As shown in Table 3, across all three types of data use, female respondents were less comfortable compared to male respondents. Age was inconsistently associated with comfort, whereby adults 45 and older were less comfortable than 18- to 29-year-olds with the use of health-related and sensitive data types. We also observe that non-Hispanic White respondents’ average comfort with the use of personal characteristic and health-related data is higher than that of non-Hispanic Black respondents, holding all else constant. This may indicate a racial inequality in the uses of data for prediction in healthcare.
Discussion
This analysis captures public comfort with data use for prediction in healthcare. Analyzing a national survey of US adults, we find that while comfort with data use for prediction is generally low, the public is comparatively more comfortable with the use of more overtly clinical data (blood pressure, cancer diagnoses) than demographic or social data types. The data collected and used by health systems to make predictions about patients are not restricted to overtly clinical data types. Prediction in practice involves the use of widely varied data types like religious identity and whether patients have unpaid medical bills.11,12 This study finds that the system of prediction is developing in a way that could undermine trust by violating public comfort and expectations.

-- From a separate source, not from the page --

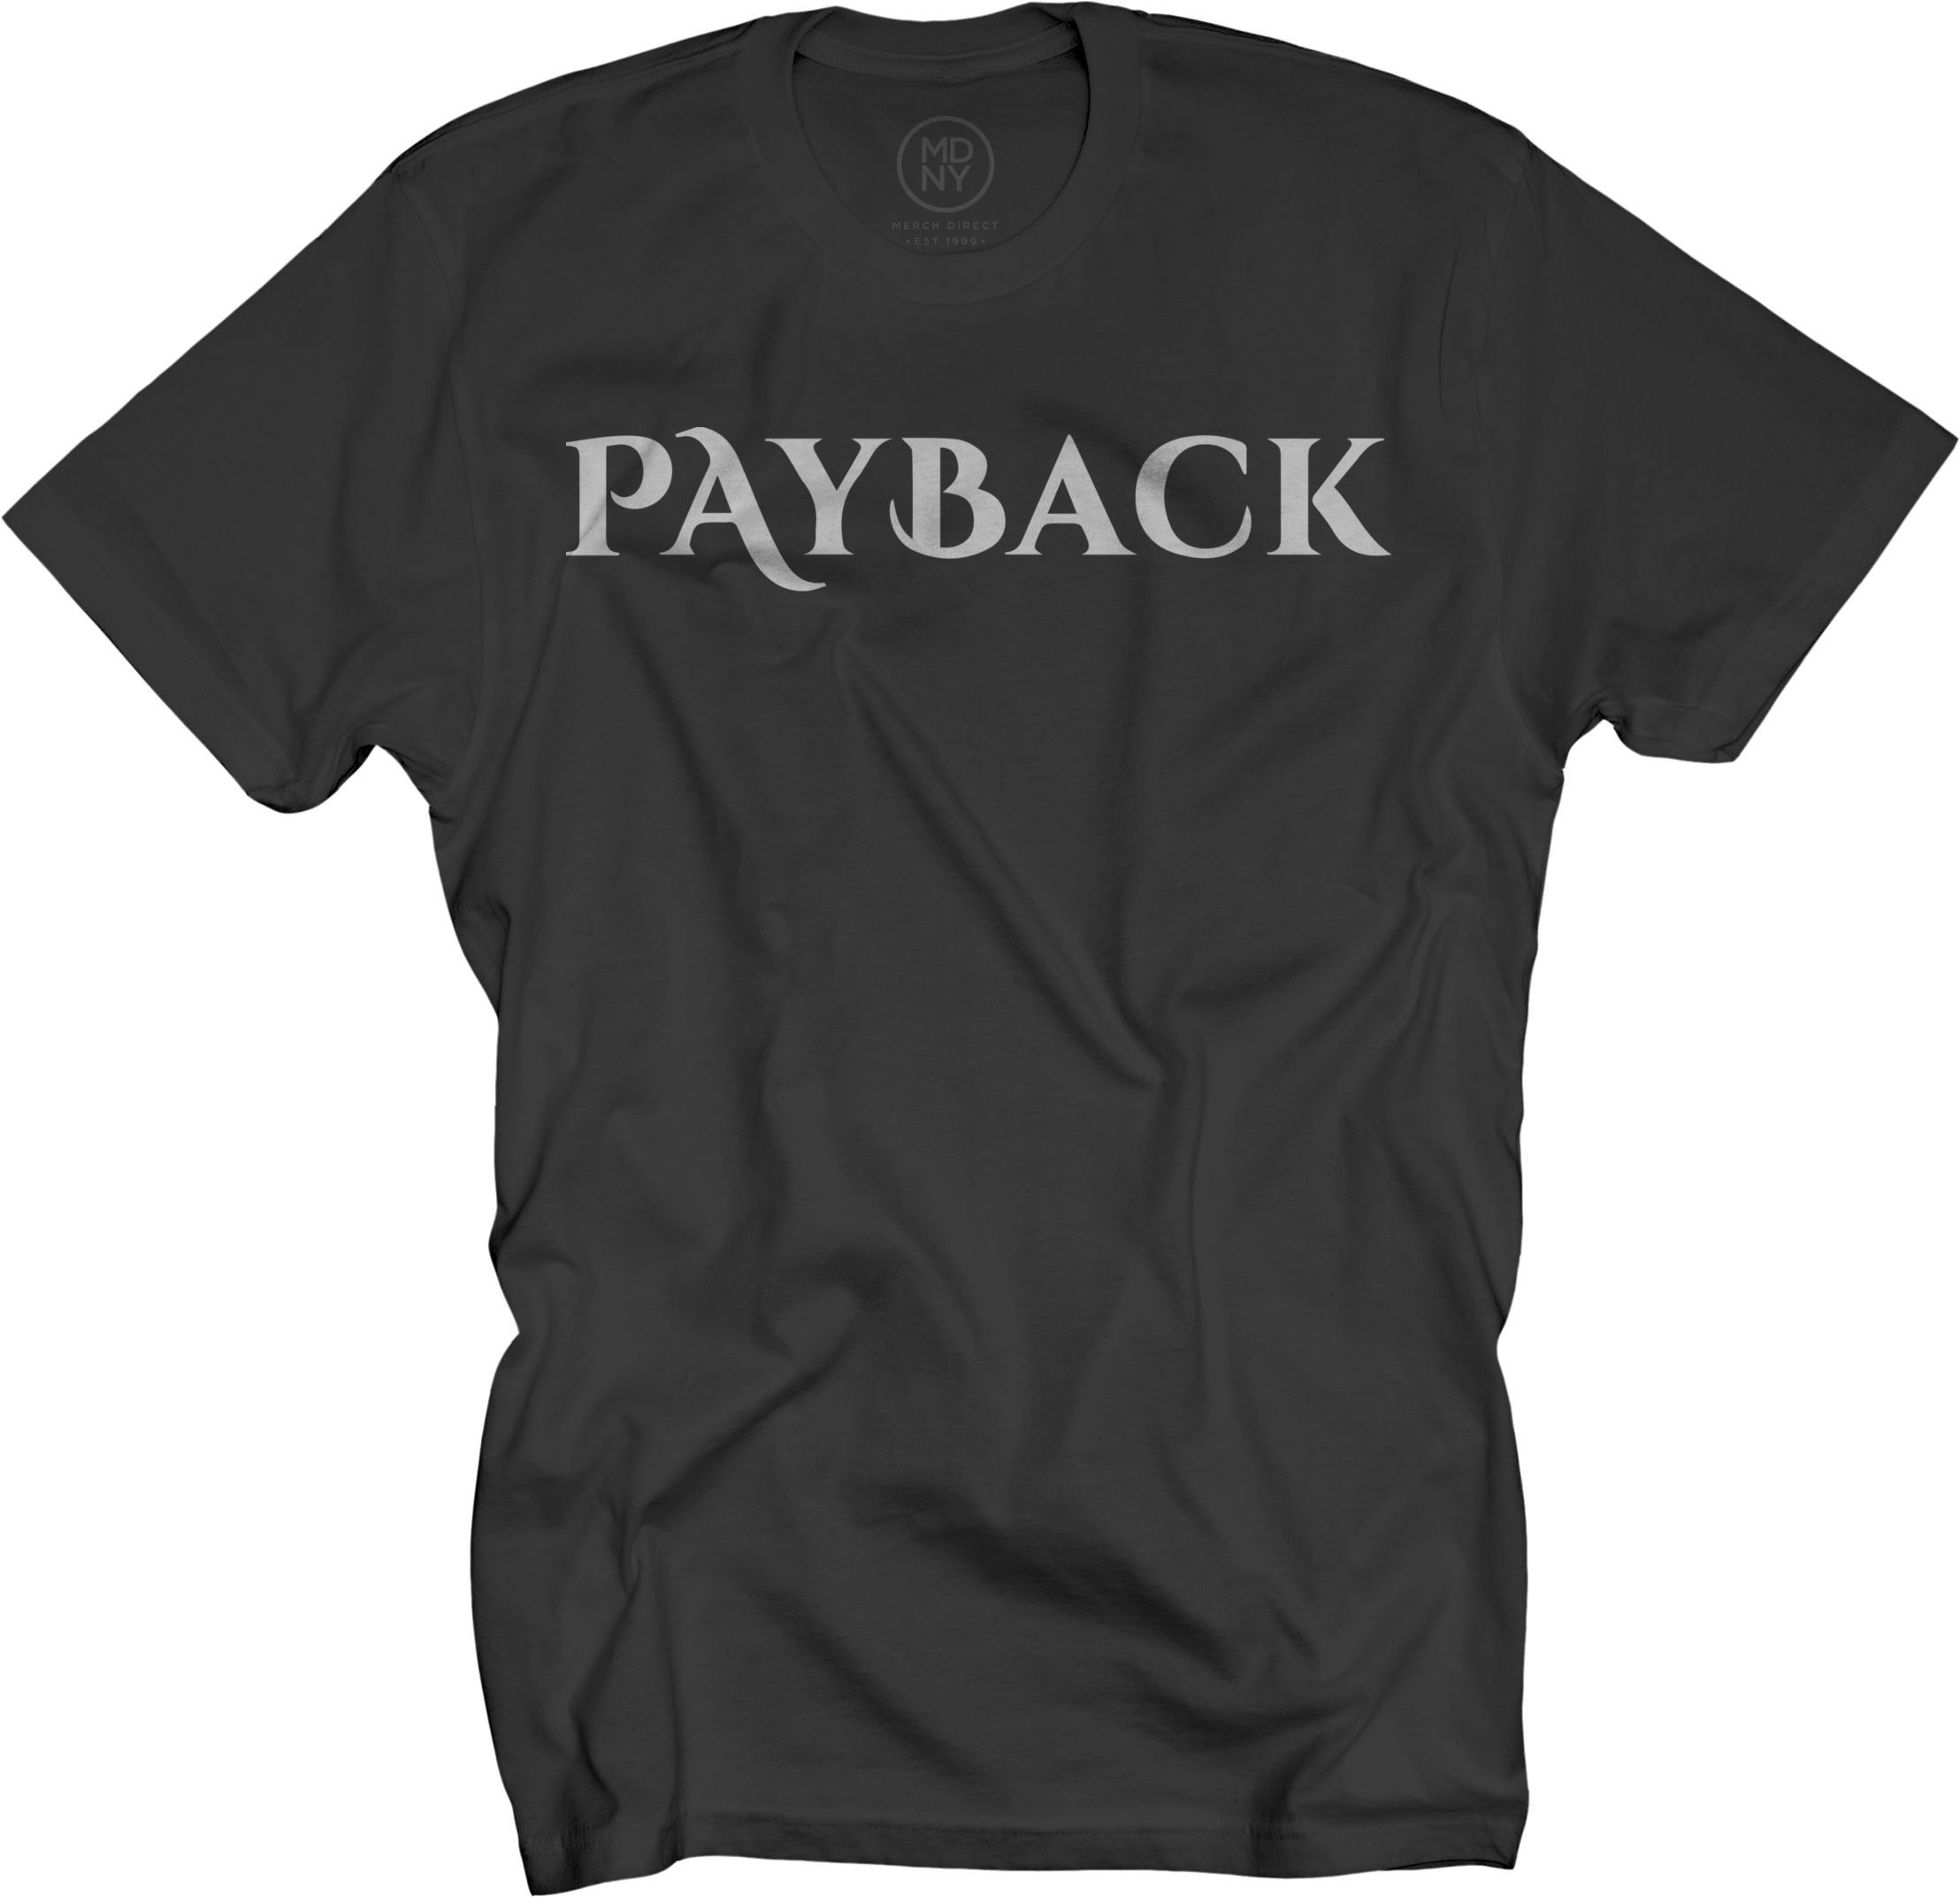 Payback Black T-Shirt

We observe higher comfort with the use of health-related data than personal characteristic data for prediction. Public comfort was lowest with the use of sensitive data types (eg, income, history of incarceration) for prediction in healthcare. There was little variation in comfort with the use of this type of data, with 87.6% of respondents indicating discomfort. It should be noted that some data types traditionally considered sensitive for the purposes of data privacy and protection (eg, genetic information, mental health status) do not load on factor 3 with the sensitive data types identified in this analysis. Prior work indicates differences between public comfort on the one hand and current policy for data protection on the other. For example, a national survey found no significant differences between public desire for notification related to the use of their health data compared to their biospecimens, which does not reflect current policy distinctions between the two.33 Similarly, our study indicates a disparity between what policy defines as sensitive as compared to what the public perceives as sensitive. If the use of these sensitive data can be avoided in predictive modeling without sacrificing model quality, that could be responsive to public concerns. However, because sensitive data types can be useful for prediction in certain cases, transparency and communication may also ameliorate some threats to patient trust when they must be used, as suggested by previous studies examining desire for notification with respect to information use. For example, conveying why income is important for the quality of a specific predictive model might ameliorate patient concerns. It may also indicate competence with data use and bolster trust.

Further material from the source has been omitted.